Las mujeres exclamaban toda clase de adjetivos y sonidos: —¡apesta, agg, poff, puff, qué asco!, se tapaban la nariz, se cubrían la cara con el chal, no sabían qué hacer. Aguantaron estoicamente el mal olor sin bajar las lunas para no despeinarse y no arruinar el esfuerzo del día entero por arreglarse, pero finalmente el chancho triunfó, la pestilencia era de tal magnitud que se peleaban por sacar la cabeza por las ventanas, prefirieron llegar despeinadas que aguantar el olor que de seguro habría provocado el vómito de más de una.

La molestia de Juan había crecido a tal extremo que vociferaba intentando hacerlas callar adornando sus palabras con toda clase de improperios.

—Carajo! ¡Qué tal raza!, yo que me he soplado todo el santo día con la odisea del chancho y ustedes quejándose porque huele mal, aguanten y no jodan que ya vamos a llegar o se bajan y se van caminando!— gritaba.

Así fue, ni bien llegaron todas bajaron presurosas del auto y lo dejaron a Juan solo, buscando donde parquear, porque para aumentar su molestia la cantidad de invitados a la boda, había ocupado la cuadra entera y no había sitio para estacionar.

Al cabo de diez minutos Juan pudo participar de la boda. Llegó acomodándose el pantalón, cerrando el último botón del saco, sacudiéndose algo de polvo encima e ingresó tranquilo.

—Por fin, se acabó la locura de ese chancho—, pensó.

Cruzó toda la Iglesia, hasta llegar a las bancas delanteras y ubicarse junto a la familia.

Conforme avanzaba un murmullo general iba apoderándose de la concurrencia, el sacerdote levantaba la voz para ser escuchado, pero el cuchicheo crecía acompañado de un extraño olor, los feligreses se miraban unos a otros con miradas acusadoras, los novios intentaban disimular para que no se les arruine la boda, más de uno miraba con disimulo sus zapatos, buscaban alrededor el origen del mal olor. Juan también lo notó, volteó a ambos lados.

De pronto notó que la señora que se persignaba a su lado ya no estaba. ¡Es más, ya nadie había a su alrededor! extrañamente habían quedado vacías varias bancas de la Iglesia alrededor suyo. Entonces fue que lo notó, se dio cuenta ¡La masa sanguinolenta, rojiza y espesa cubría su reloj! La correa de metal con cientos de agujeros que formaban el tejido estaba cubierta de restos de piel del bendito chancho y allí recordó.

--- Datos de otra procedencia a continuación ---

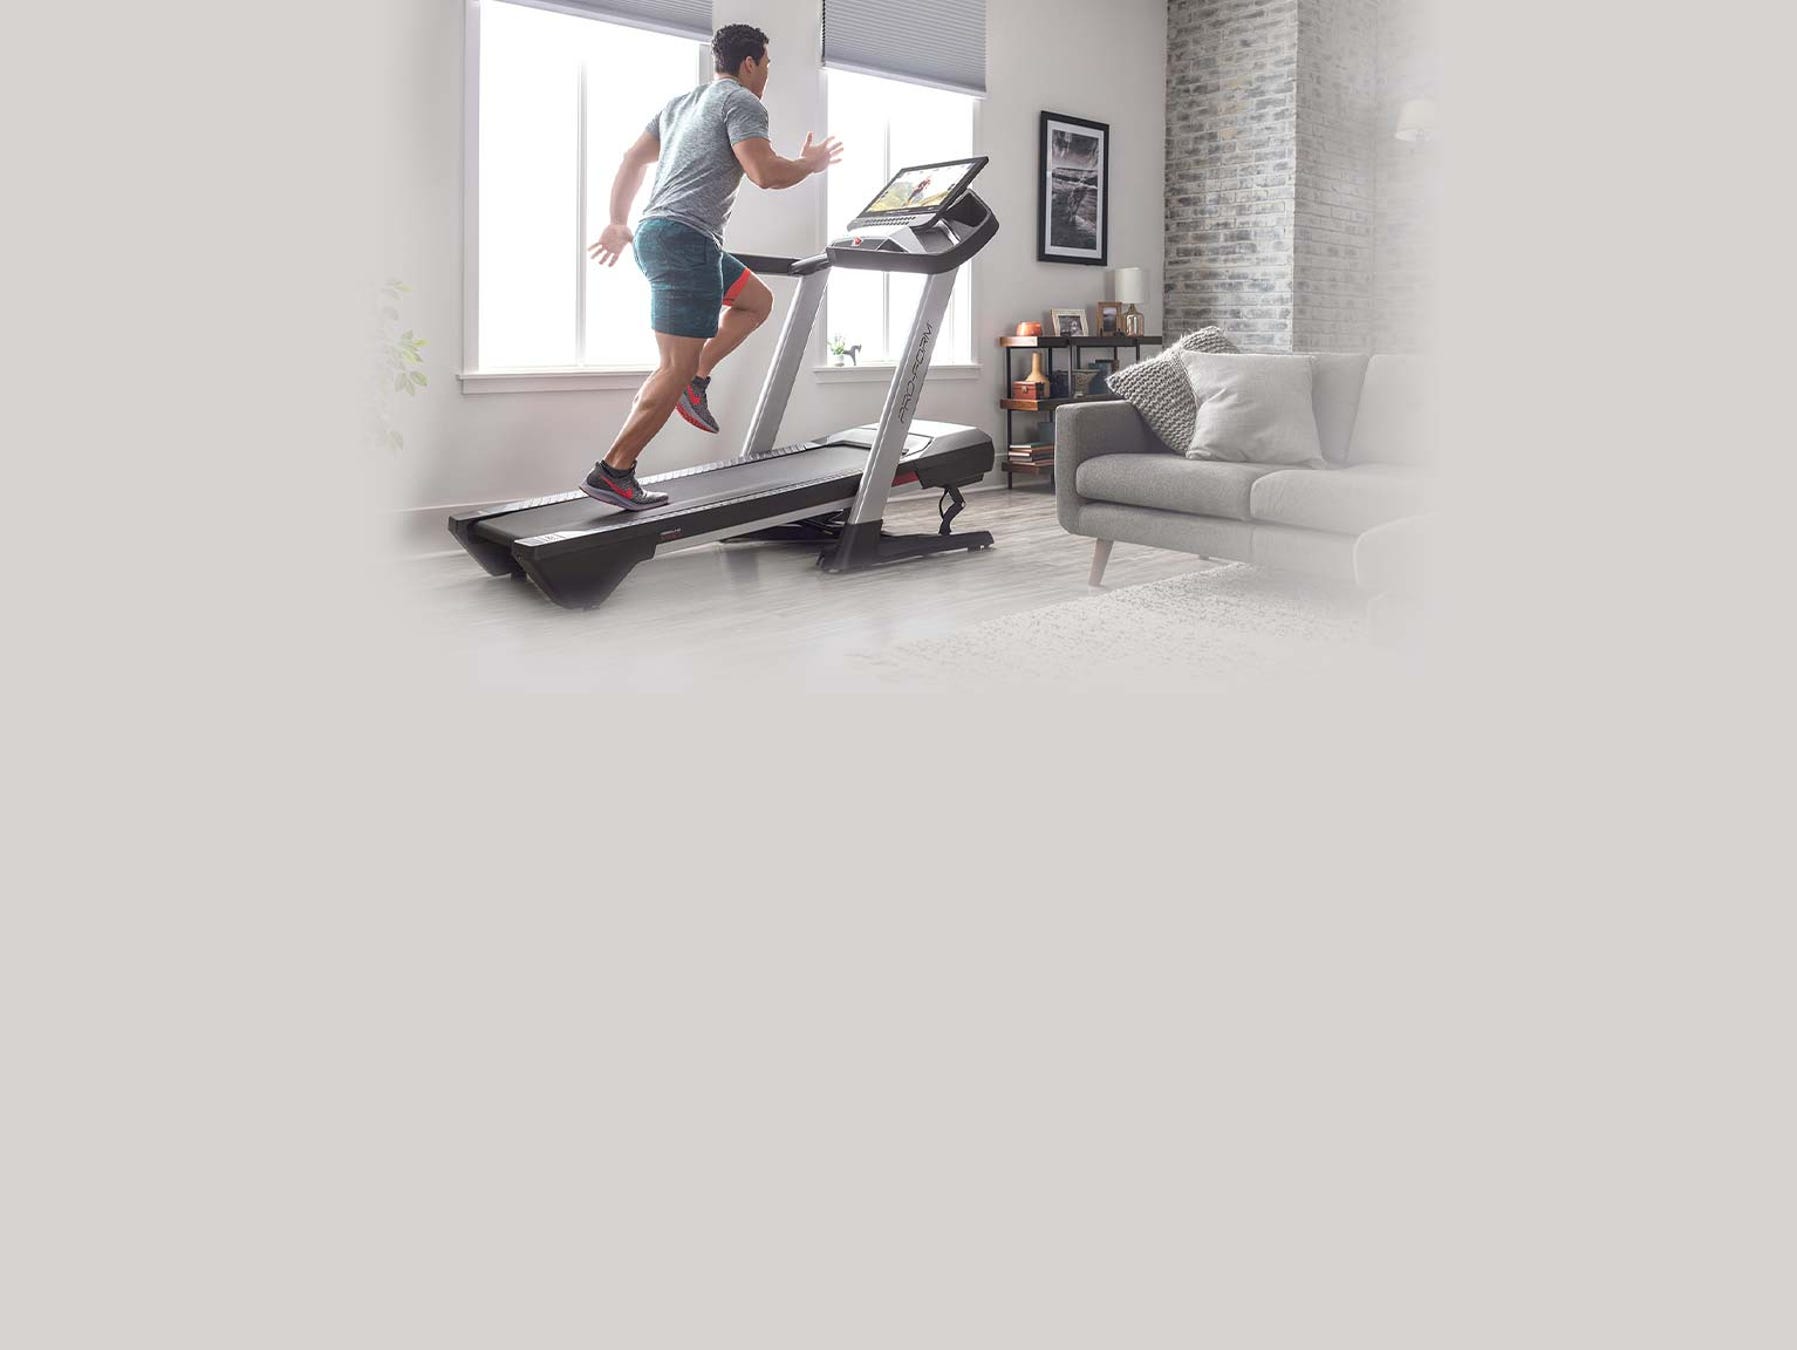 Buy Fitness Equipment, Gym Accessories Online

Cuando iban a arrojar la prenda, Eduardo se detuvo bruscamente y gritó —¡es la fuente de mamá!—  En esa duda la masa conteniendo el chancho y su guiso se balanceó hacia un lado y hacia el otro derramándose profusamente,  cubriéndolos hasta las muñecas, fue cuando decidieron lanzar al chancho con fuente y todo.

Juan se había bañado y cambiado, pero no cayó en cuenta que cogió el mismo reloj para la boda. Se retiró molesto de la Iglesia…

Es así que terminó la travesía del chancho de pedigrí elegido para una boda. Él, como la preciada fuente quedaron en lo que hoy es el hermoso campus de la universidad Católica y que en ese entonces era el descampado propicio para dejar la carga. Hay quienes asegura que los olores que hasta hoy en día se atribuyen a las aguas servidas con que riegan sus jardines, provienen en realidad del pestilente puerco criado para servir de festín. Yo me inclino a atribuirle el mérito de convertirse en la anécdota infalible necesaria para no romper la tradición familiar.